The fixed 80% is new, and I’m not sure why they wouldn’t enable that software option for older devices, too.
Because they'd get reamed for it. Recall what happened why they slowed phones down to make the batteries last a bit longer.
That is not at all what happened.
They got reamed, above all, for not explaining what it was doing (and why) from the start. They absolutely should have been transparent about the feature and how it operates, but people felt it got snuck in silently, and because of the lack of transparency, people didn’t see it as a “feature”, only as a limitation.
That function was not, and is not, to make the batteries last longer (cycle life (number of cycles)) or run longer (runtime of a charge). Its purpose is to limit maximum current consumption to a level that a degraded battery (=higher internal resistance) is still capable of reliably delivering, with the goal of preventing random shutdowns due to brownouts. This is why it doesn’t do it when a battery is in “healthy” condition, and why only heavy loads see a throttling effect.
Apple has often added new features and options to old hardware via software updates. That’s not controversial as such.
Which leads me to...
Suppose you (as a manufacturer) can control the battery charge in an on/off fashion. Once it gets up to whatever you consider fully charged you can flip the switch and the charge is turned off. Being clever, you can arrange that the battery is just fully charged when the user wakes up in the morning, either from monitoring their usual wake time or by looking at the set alarm. You can put off charging until the exact time before wakeup that it will take to charge, or you can wait until it's at 100% (or the preferred level), turn it off and then just before wake give it a couple of minutes to make up for what's since drained.
Magic. But what if the user has irregular hours and/or doesn't use the phone alarm? You could wait until full charge and then turn it off, but you wouldn't know when to do the last moment top up. The user could be taking it away in the next minute or they might've gone off on holiday, and you won't know until the cable is pulled. Is the top up important? I think it is, because if the user puts it on charge and then goes to use it and finds it at only 95% they will get a bit annoyed. Especially if it's habitual.

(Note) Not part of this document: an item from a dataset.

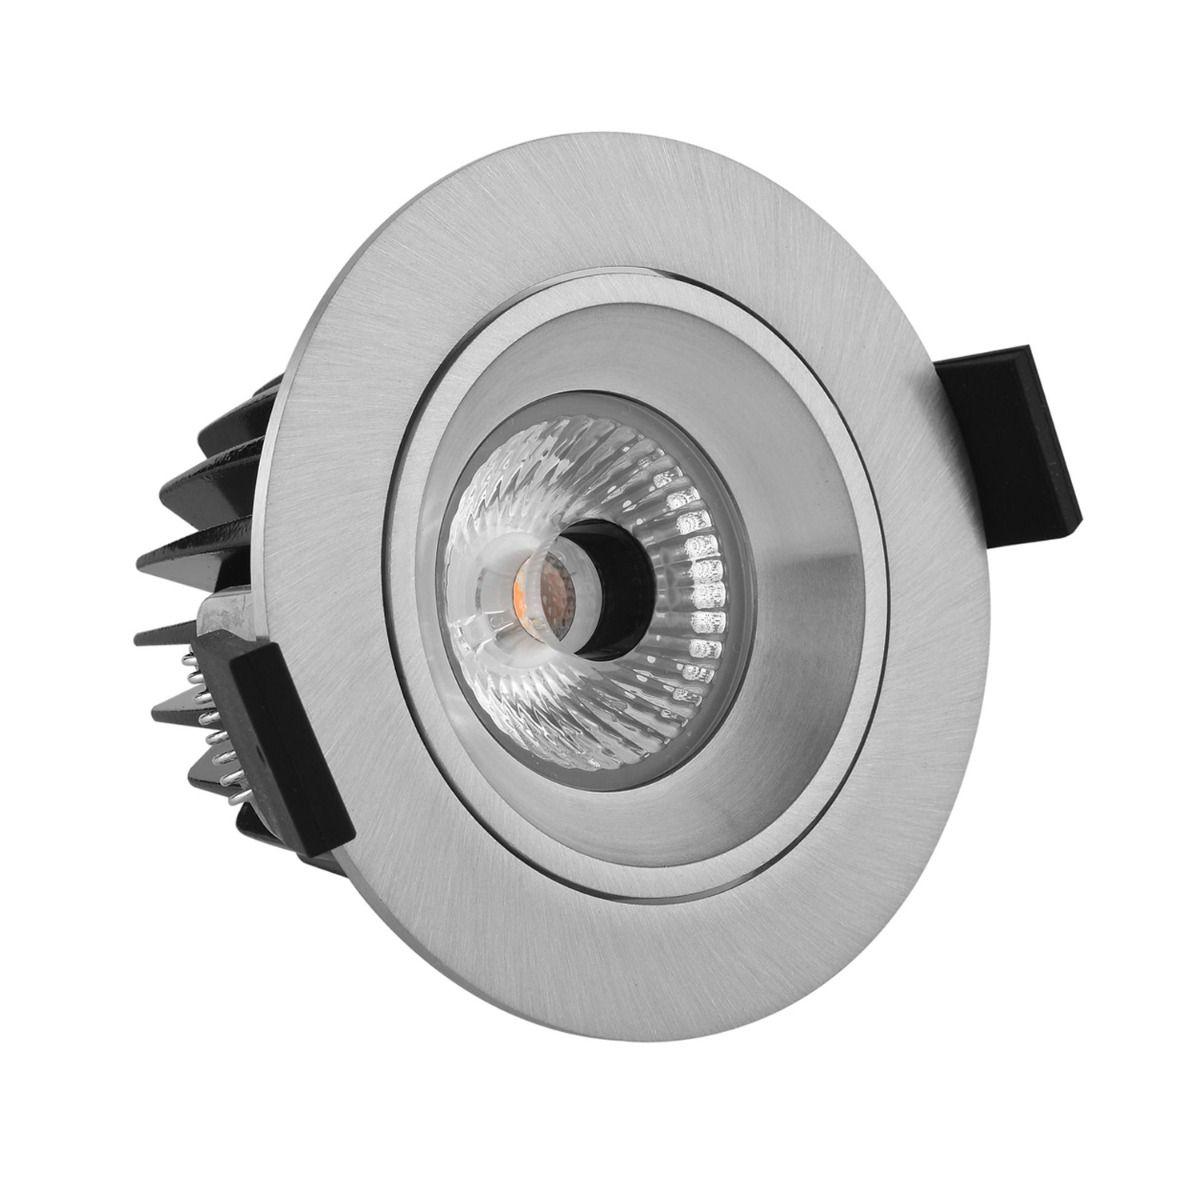 Noxion LED-Spot Diamond IP44 2700K Aluminium   Höchste Farbwiedergabe - Dimmbar

OK, so you can't afford (reputation-wise) to take it off charge unless you know how long it will be on charge (cf. alarm, etc). You could fake the charge - if the actual charge is 95% when the user pulls the cable you could say it's 100% and they'd never know, but then you'd have to fake the fall in charge during use because the user would notice an unaccountable step. I think Apple have tried something like this in the past and got roundly told off.

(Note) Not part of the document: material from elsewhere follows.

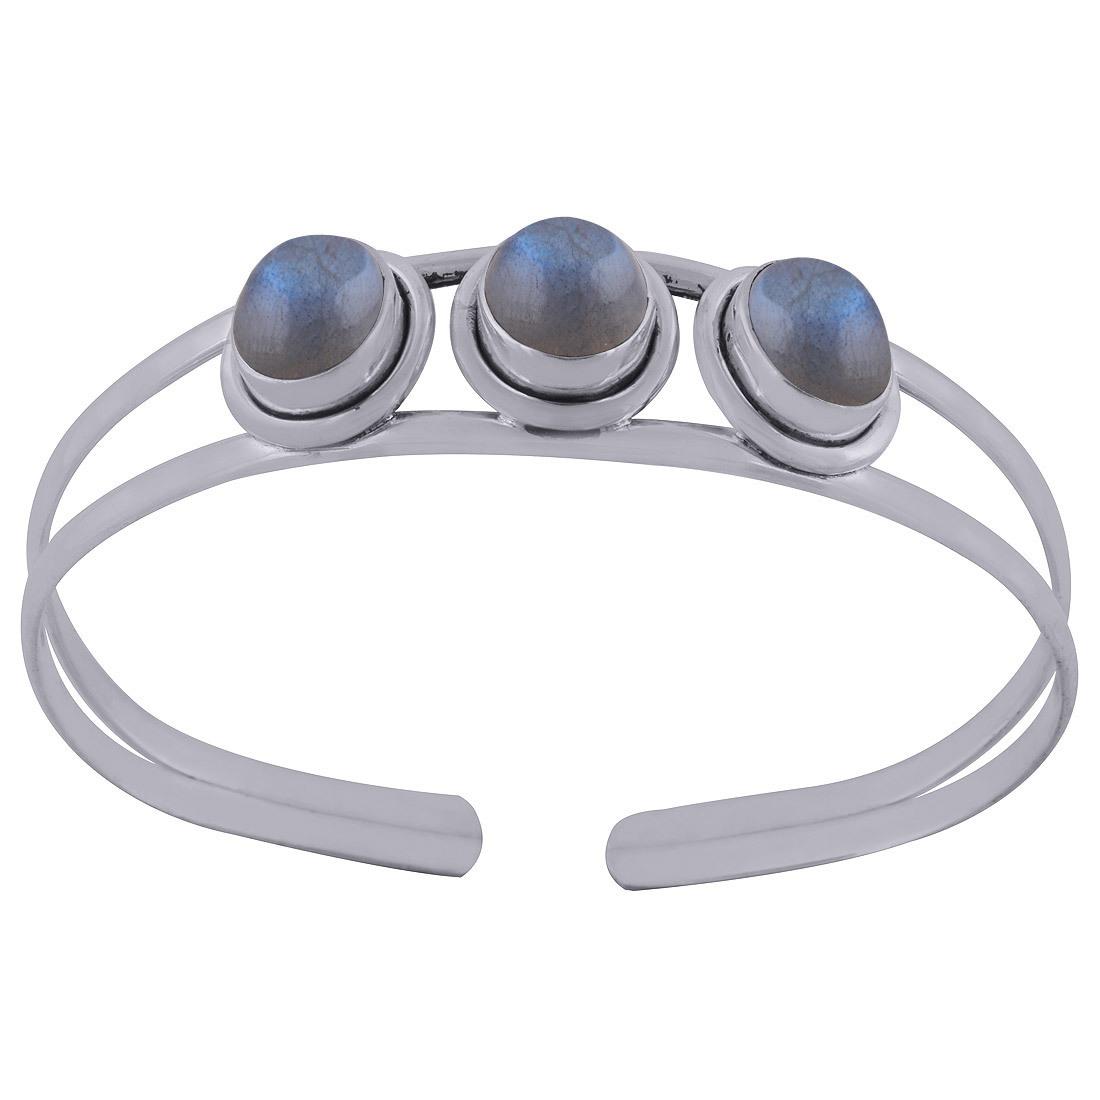 Black Onyx Natural Gemstone Oval 925 Sterling Solid Silver Handmade Bangle

What are you talking about?
What practically all mobile devices do is to recalibrate the SoC meter regularly, so that 100% full means “100% of the battery’s current capacity” and not “100% of the battery’s original capacity”. My 3 year old iPhone SE (2020)’s battery, for example, shows its maximum capacity as 80% (meaning that the battery is now only capable of holding 80% as much energy as when it was new), but the SoC meter still shows 100% when it has reached that, because it’s 100% of what the battery can hold
today. Any device that uses rechargeable batteries and aims to have an accurate battery SoC indicator will use a so-called “fuel gauge” IC, which uses a coulomb counter to track current going into and out of the battery, combined with complex characterization of the load, to give predictions about remaining run time, etc. (Even if your phone doesn’t
display a countdown timer like laptops used to do, it’s still using it internally to know when it
must begin an emergency shutdown of the OS.) Fuel gauge ICs use sophisticated algorithms to not only predict runtime, but also to track battery degradation so that the percentage and runtime estimates can remain accurate.